RAW DATA
----------

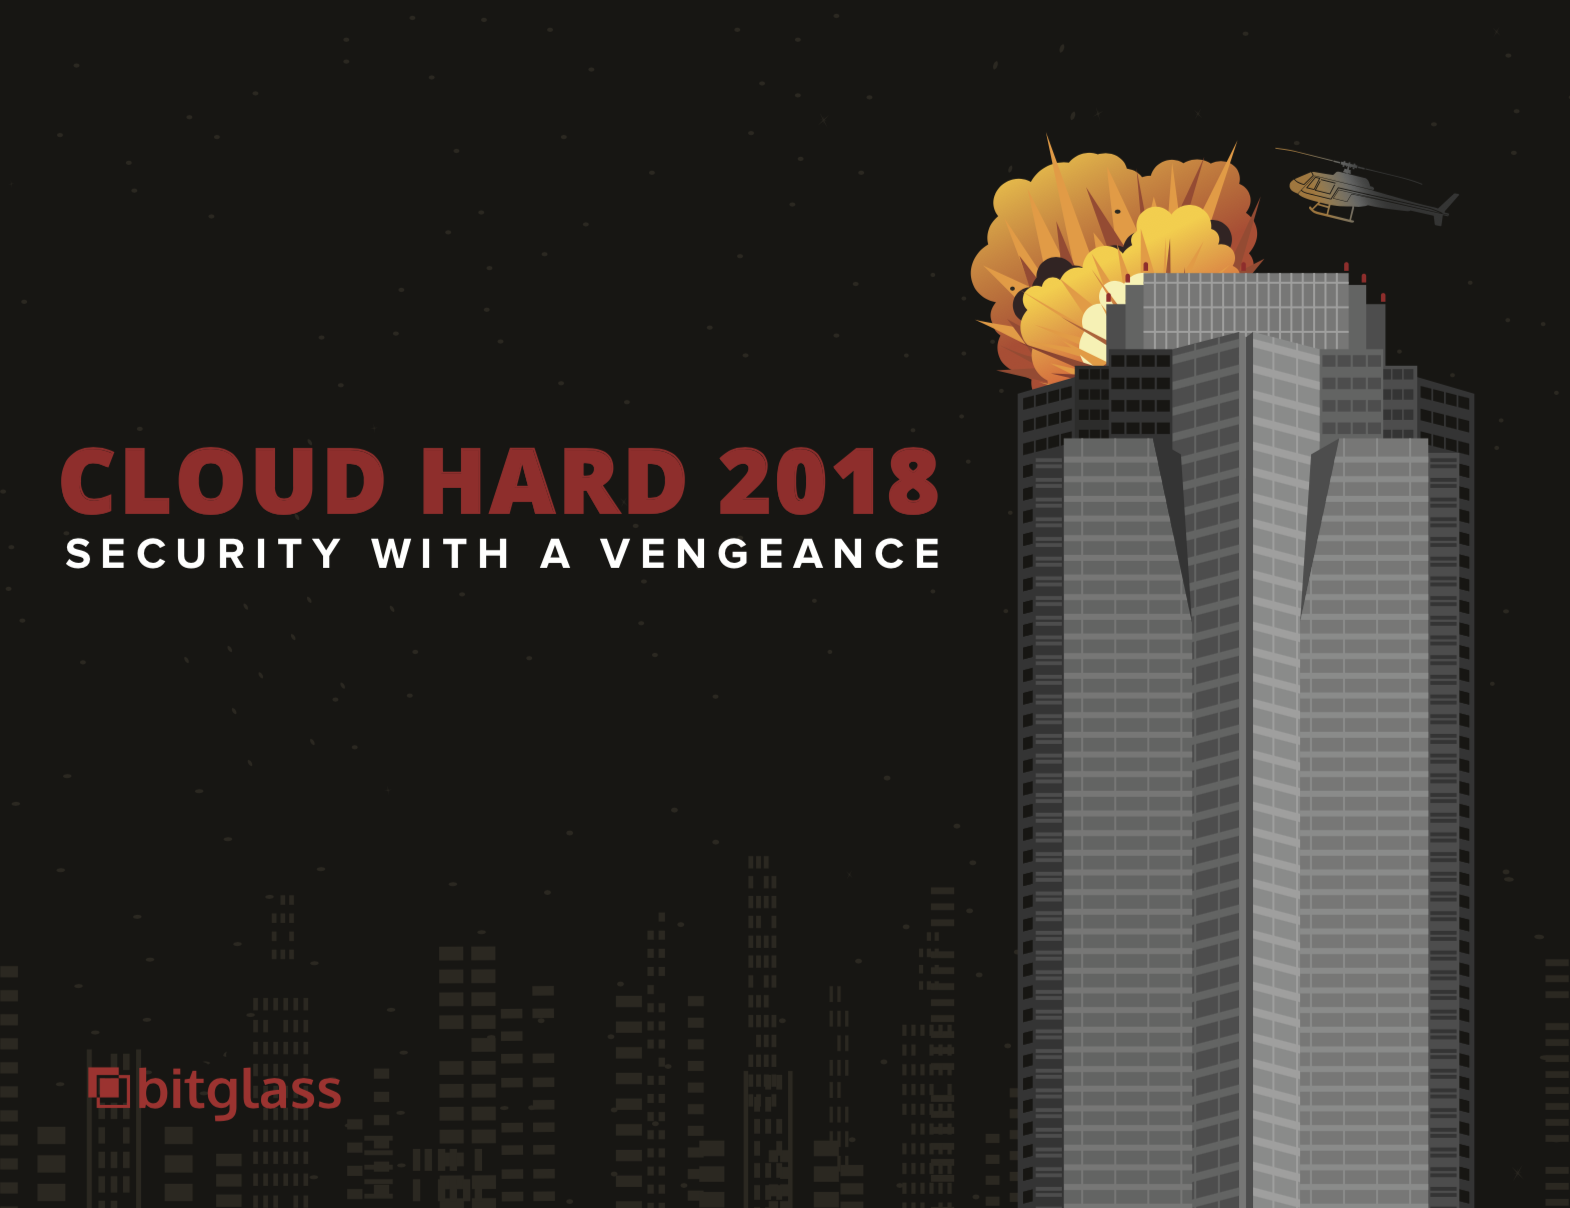 Cloud Hard 2018
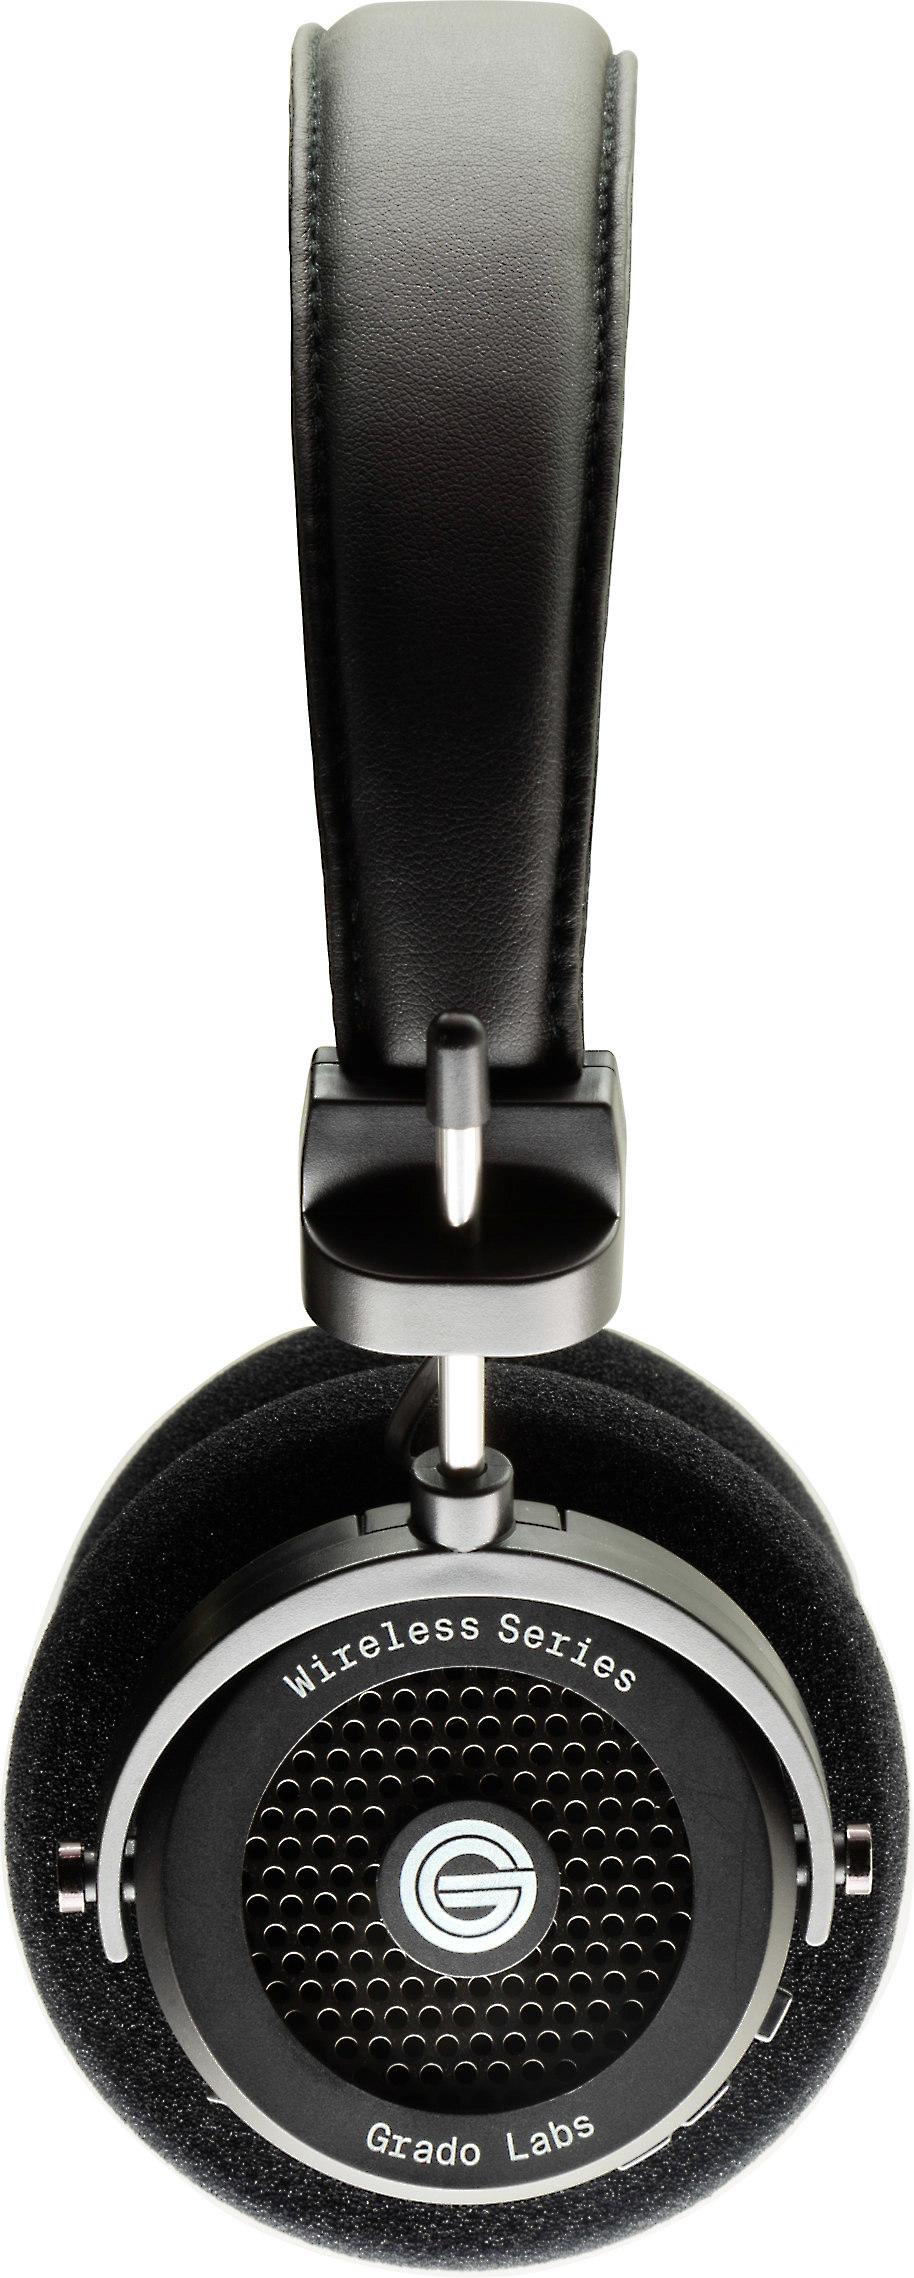 49d18206ca0 Grado GW100 Wireless Series Open-back Bluetooth® headphones at  Crutchfield.com
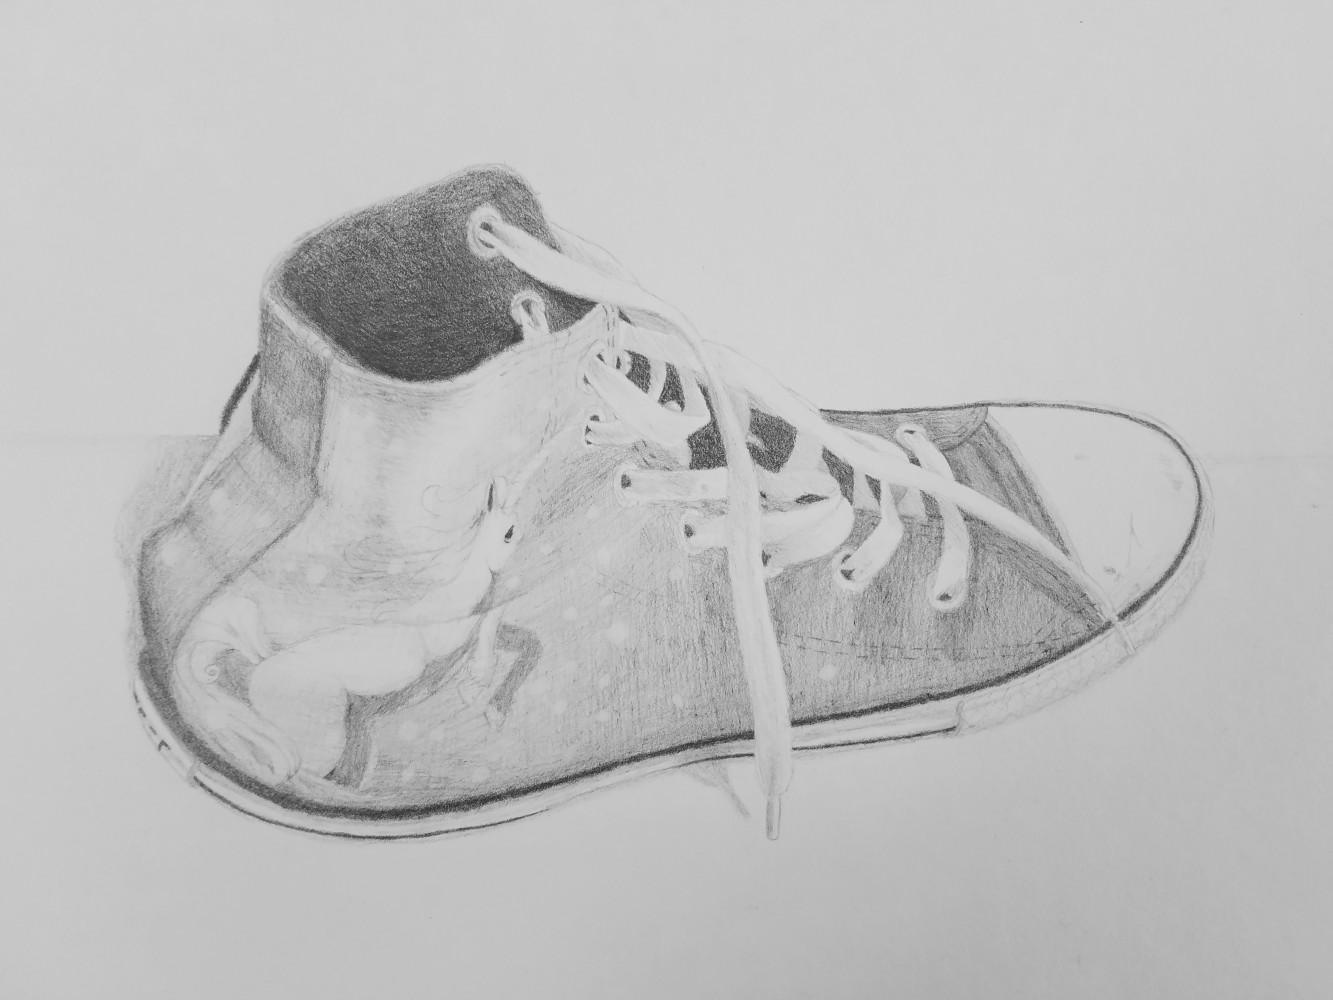 Converse by Kiaboo
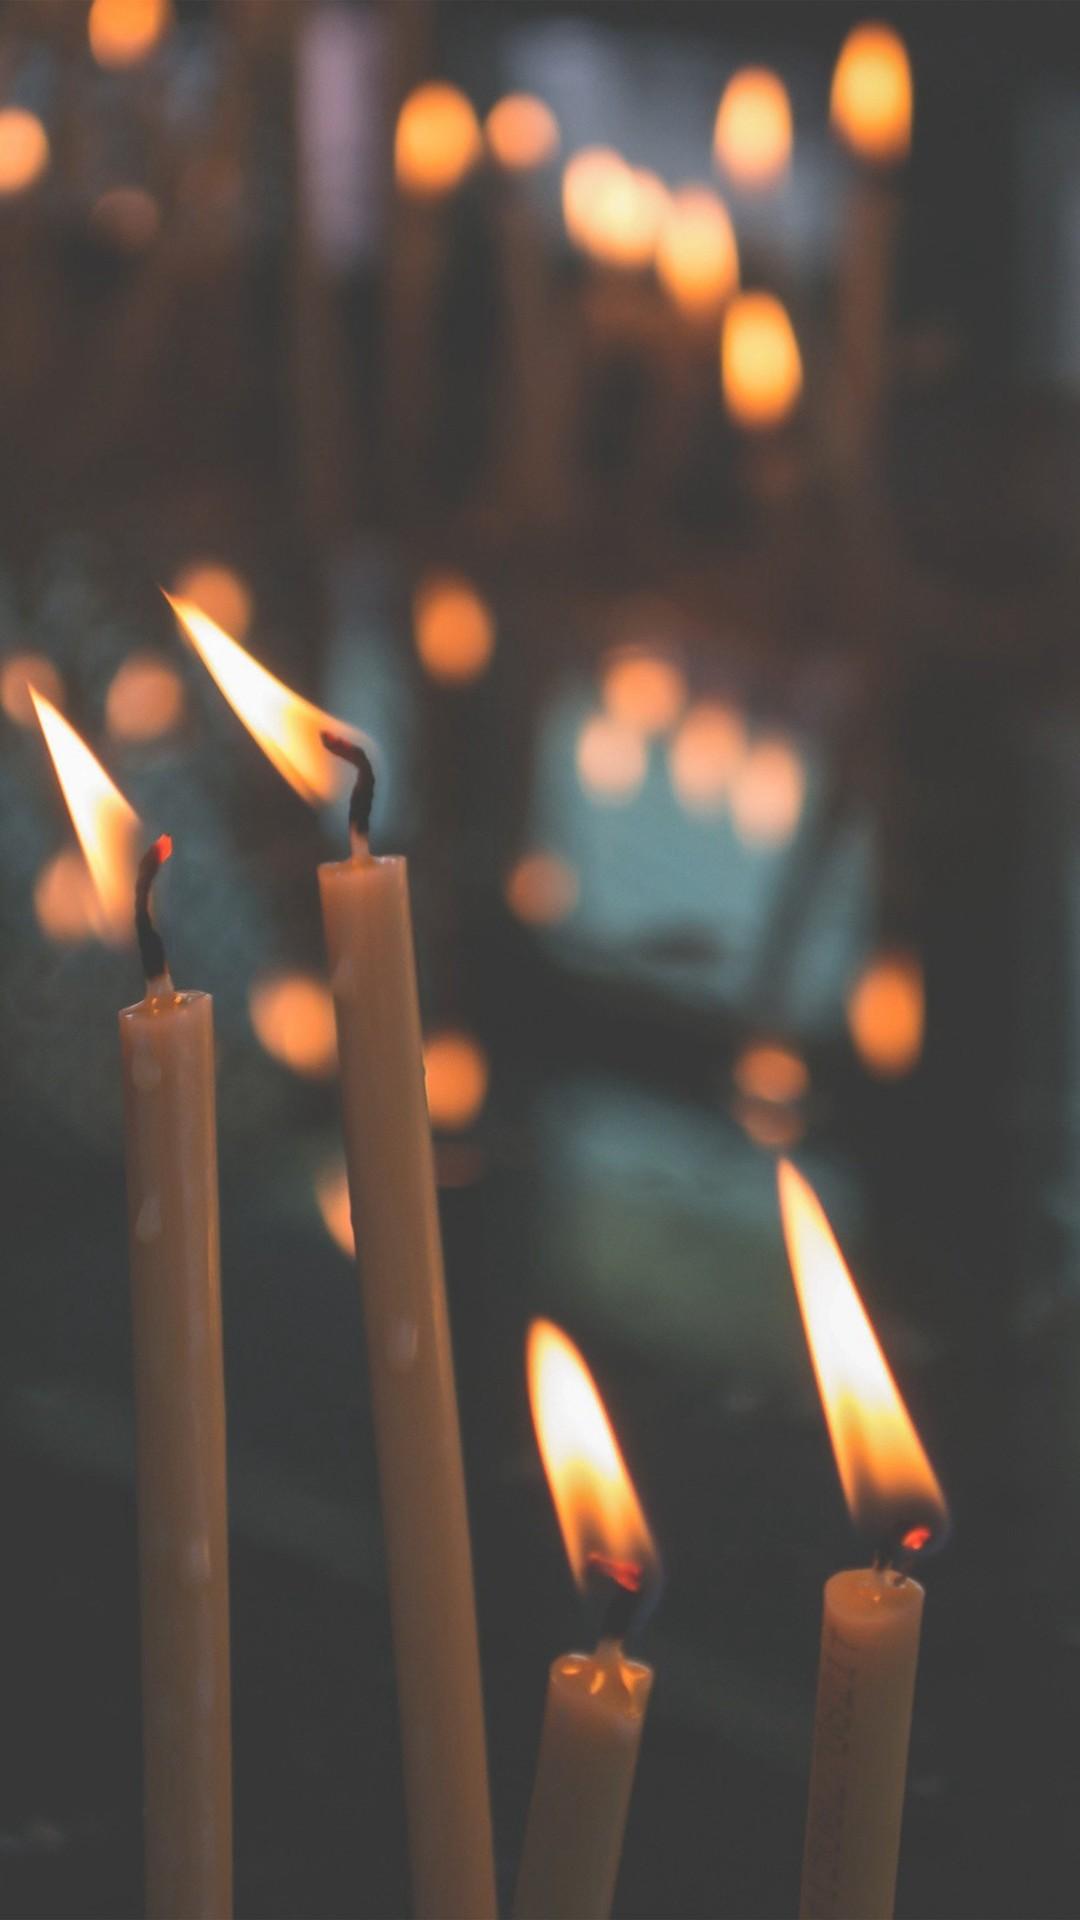 Bokeh Candle Light Nature iPhone 8 wallpaper

----------

TASK INSTRUCTIONS
Everything in the preceding material must be transcribed exactly, except the images.

REPLY
 Cloud Hard 2018
 49d18206ca0 Grado GW100 Wireless Series Open-back Bluetooth® headphones at  Crutchfield.com
 Converse by Kiaboo
 Bokeh Candle Light Nature iPhone 8 wallpaper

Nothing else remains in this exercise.